# Aim of the task
Each entry below must be given again word for word, with no pictures.
━━━━━ Supplied material
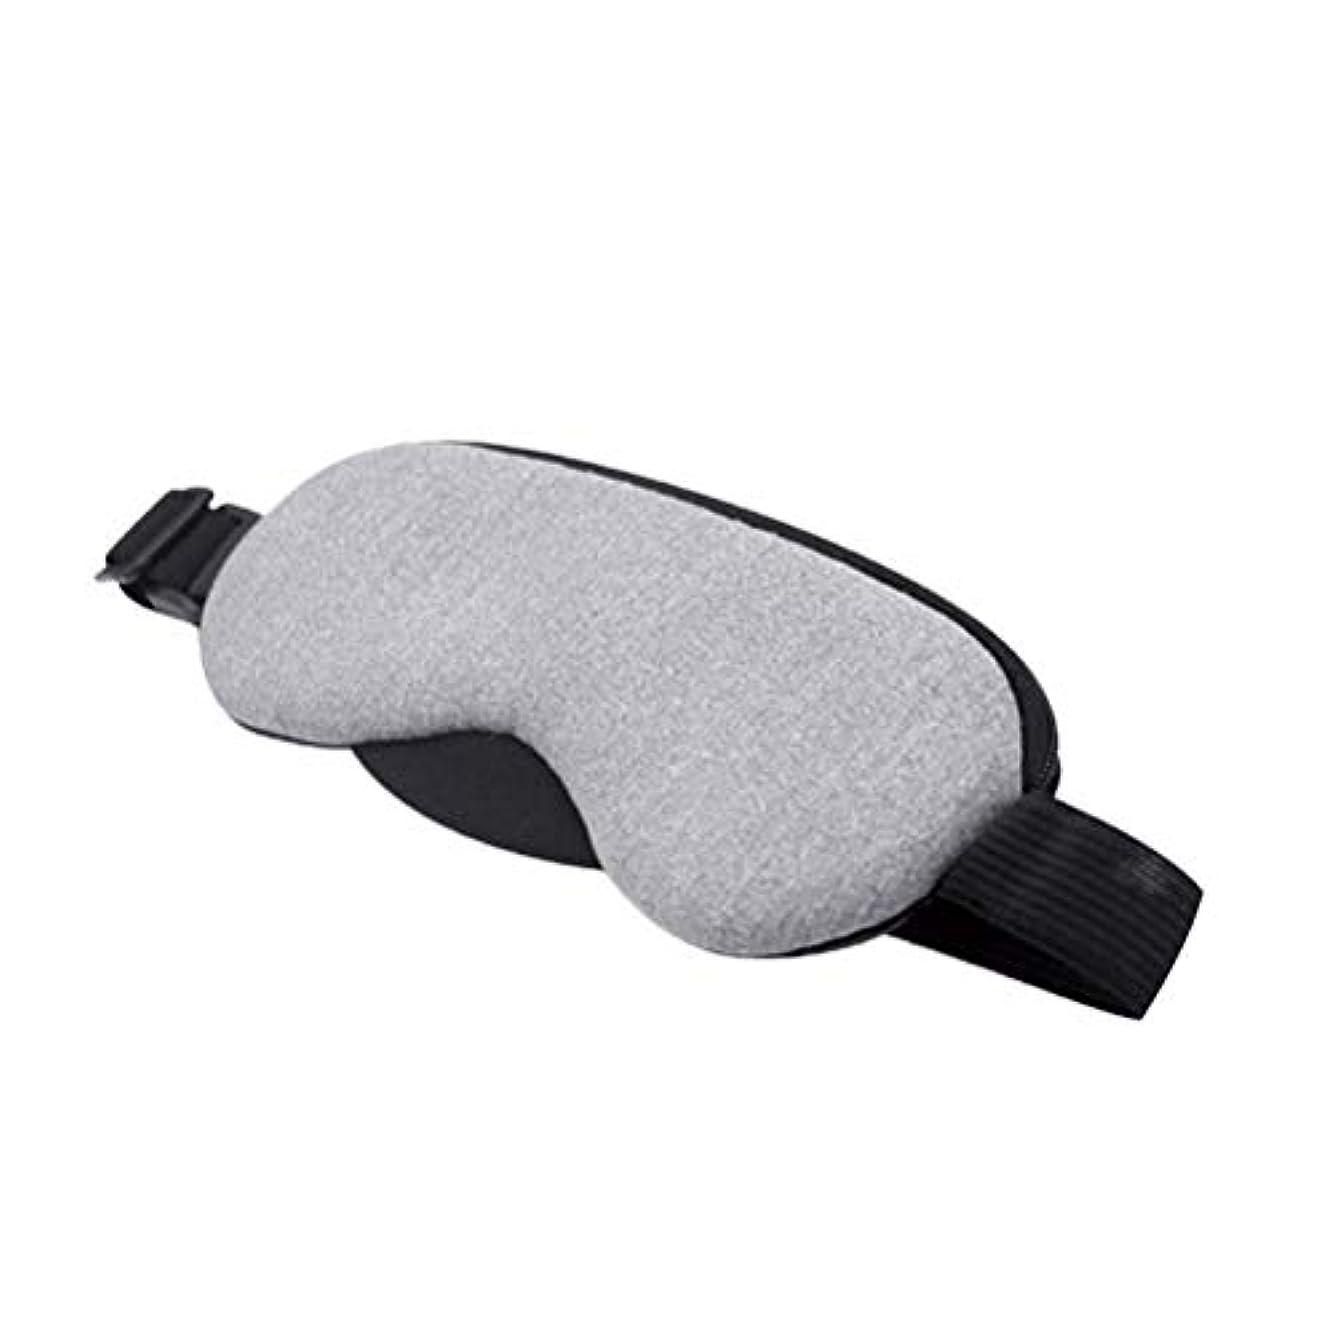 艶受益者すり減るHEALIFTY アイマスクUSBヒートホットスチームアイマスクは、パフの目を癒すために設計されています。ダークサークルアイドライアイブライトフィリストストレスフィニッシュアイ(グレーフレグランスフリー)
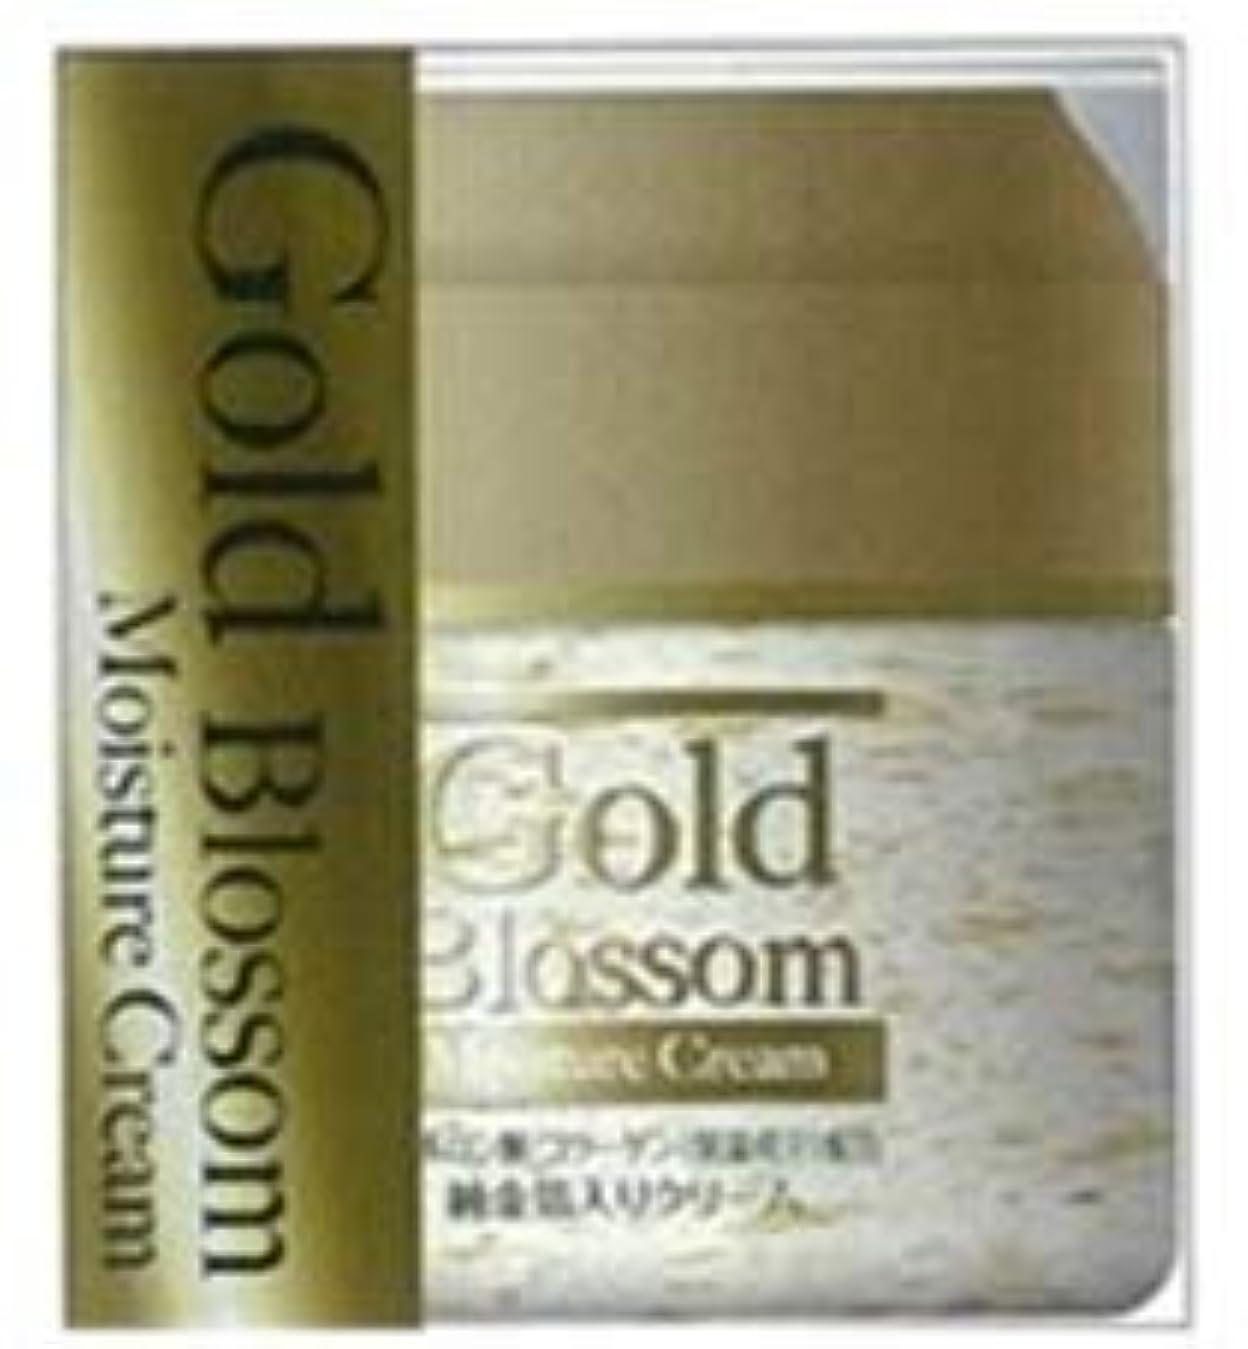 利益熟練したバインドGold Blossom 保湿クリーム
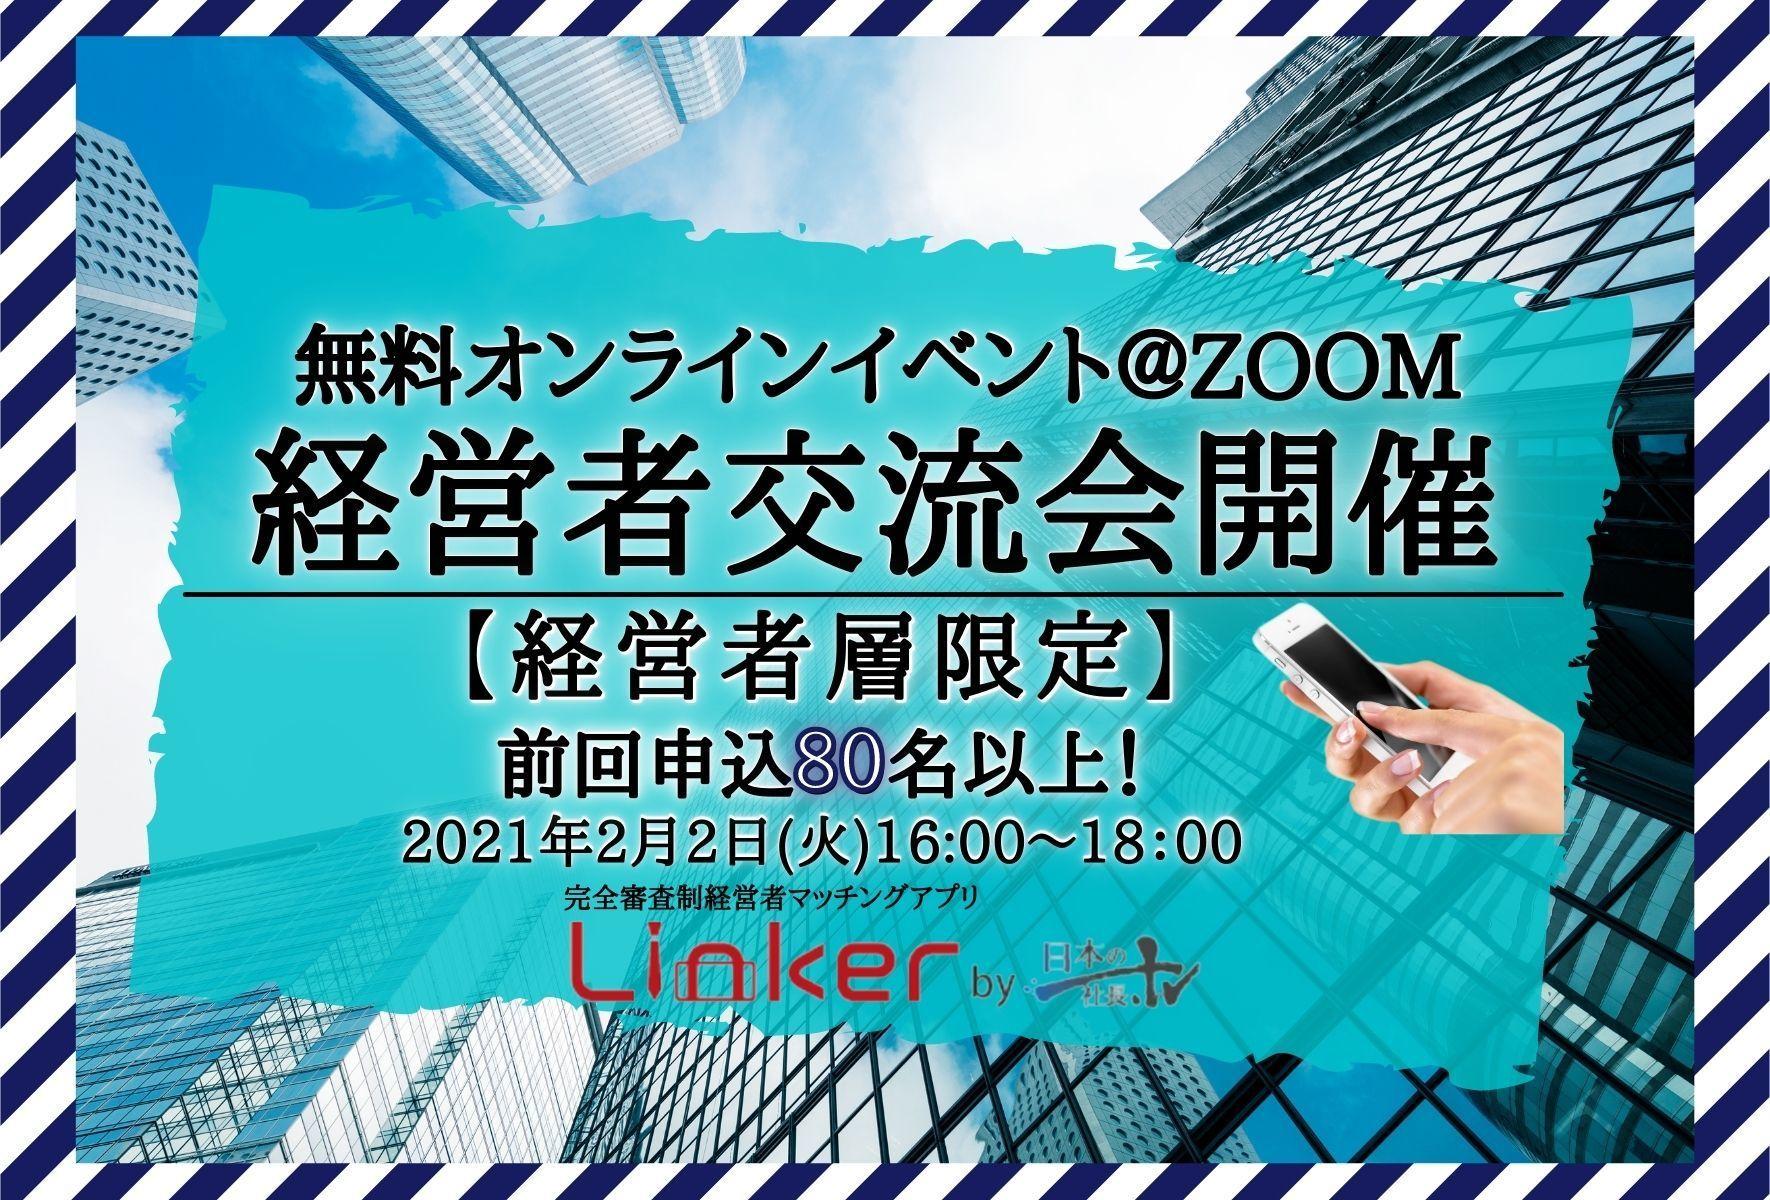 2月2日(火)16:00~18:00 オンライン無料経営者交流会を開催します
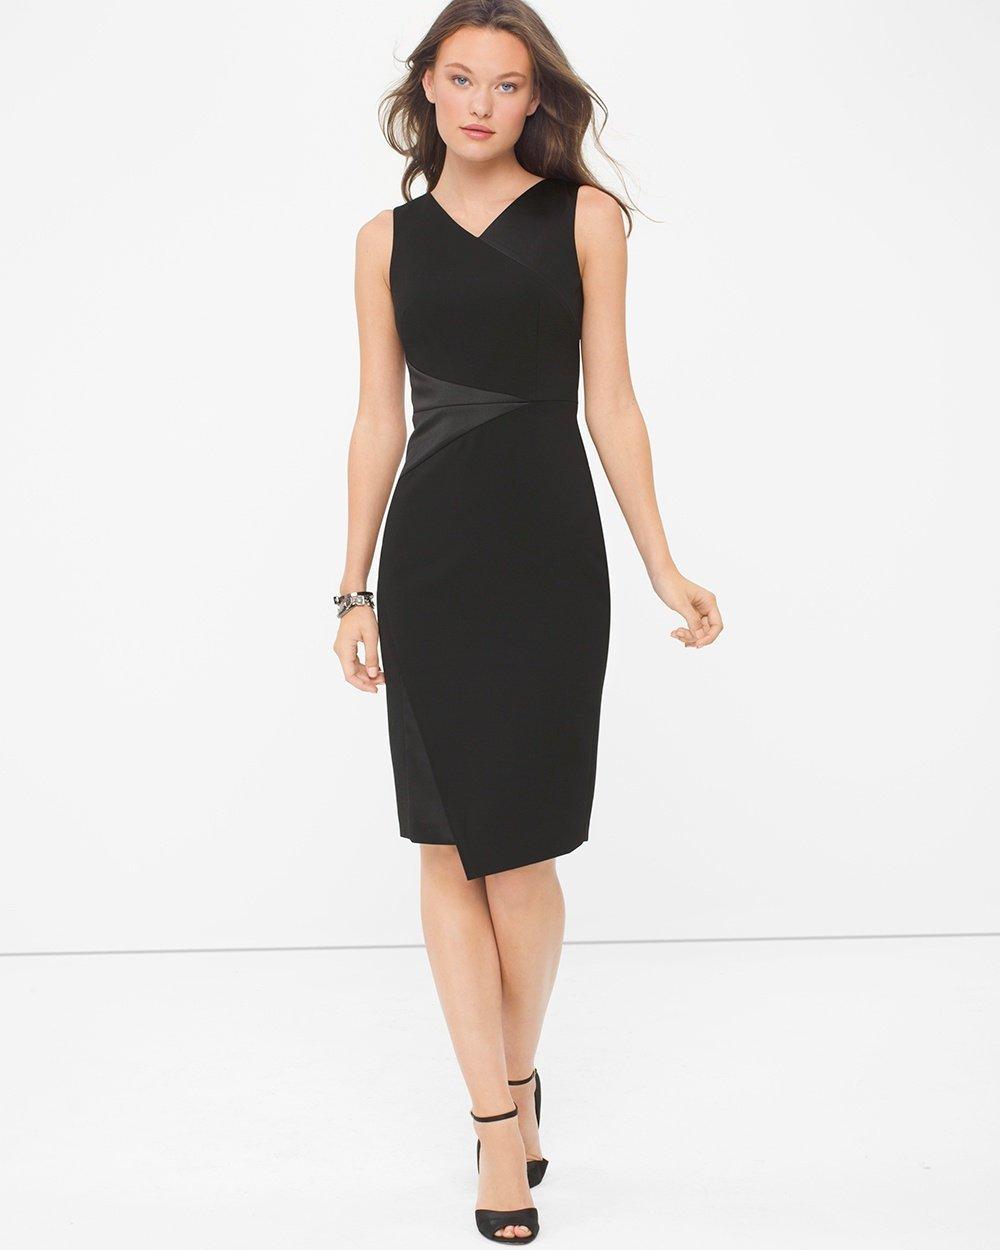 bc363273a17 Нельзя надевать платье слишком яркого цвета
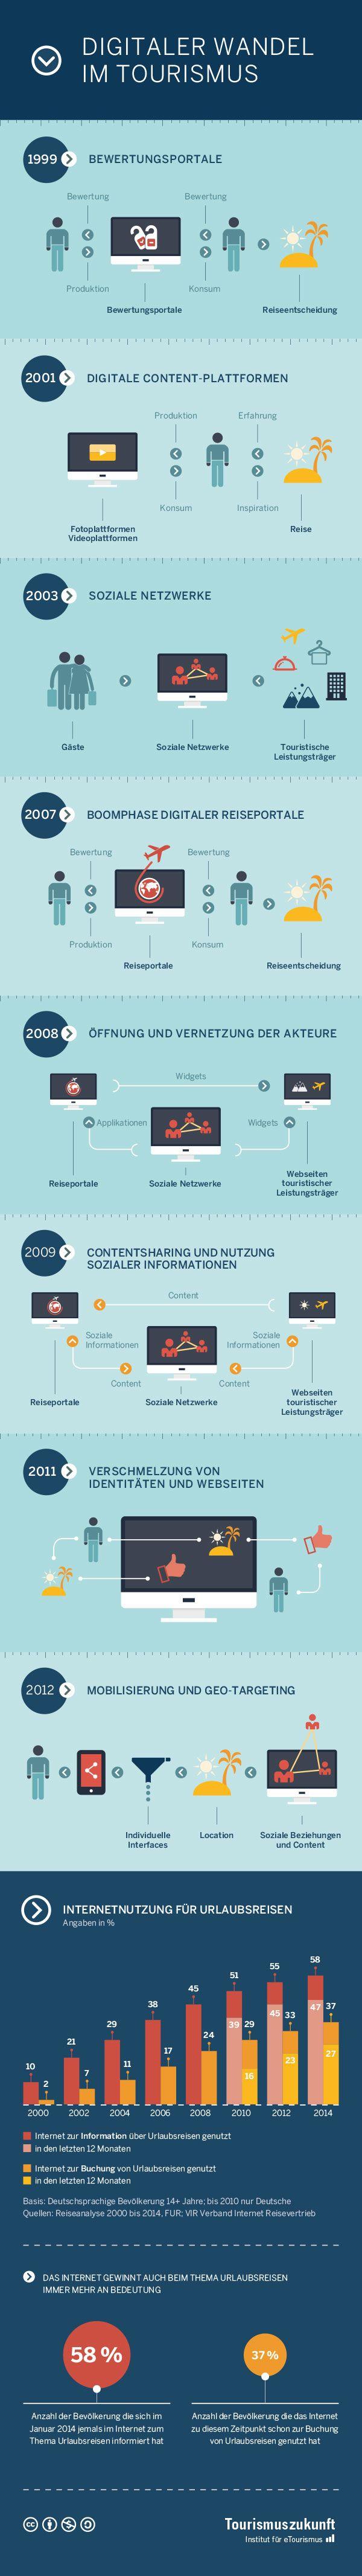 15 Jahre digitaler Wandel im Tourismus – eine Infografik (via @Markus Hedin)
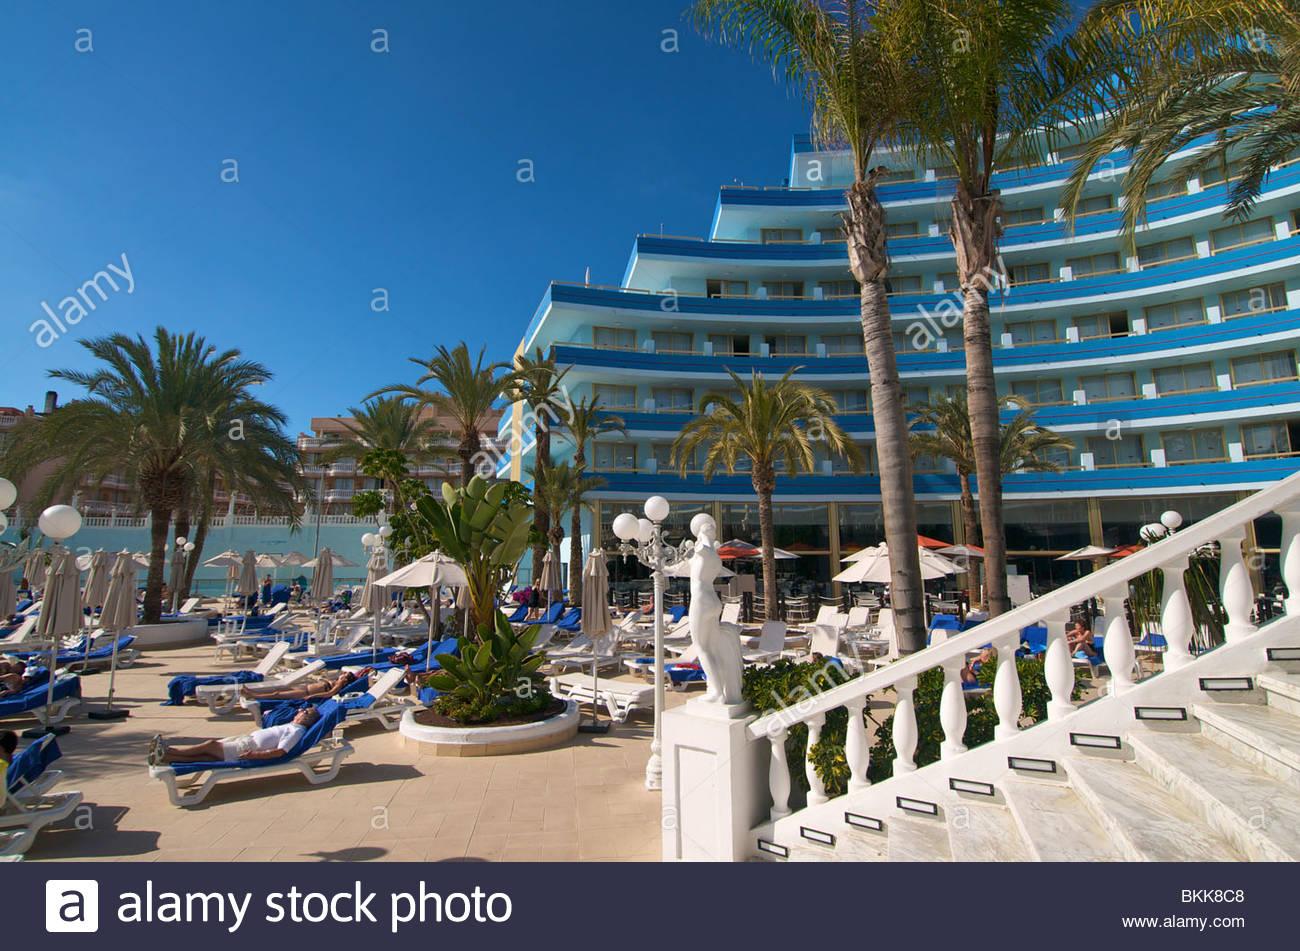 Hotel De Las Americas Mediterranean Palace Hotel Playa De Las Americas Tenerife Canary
━━━━━━━━━━
# Answer space
 艶受益者すり減るHEALIFTY アイマスクUSBヒートホットスチームアイマスクは、パフの目を癒すために設計されています。ダークサークルアイドライアイブライトフィリストストレスフィニッシュアイ(グレーフレグランスフリー)
 利益熟練したバインドGold Blossom 保湿クリーム
 2月2日(火)16:00~18:00 オンライン無料経営者交流会を開催します
 bc363273a17 Нельзя надевать платье слишком яркого цвета
 15 Jahre digitaler Wandel im Tourismus – eine Infografik (via @Markus Hedin)
 Hotel De Las Americas Mediterranean Palace Hotel Playa De Las Americas Tenerife Canary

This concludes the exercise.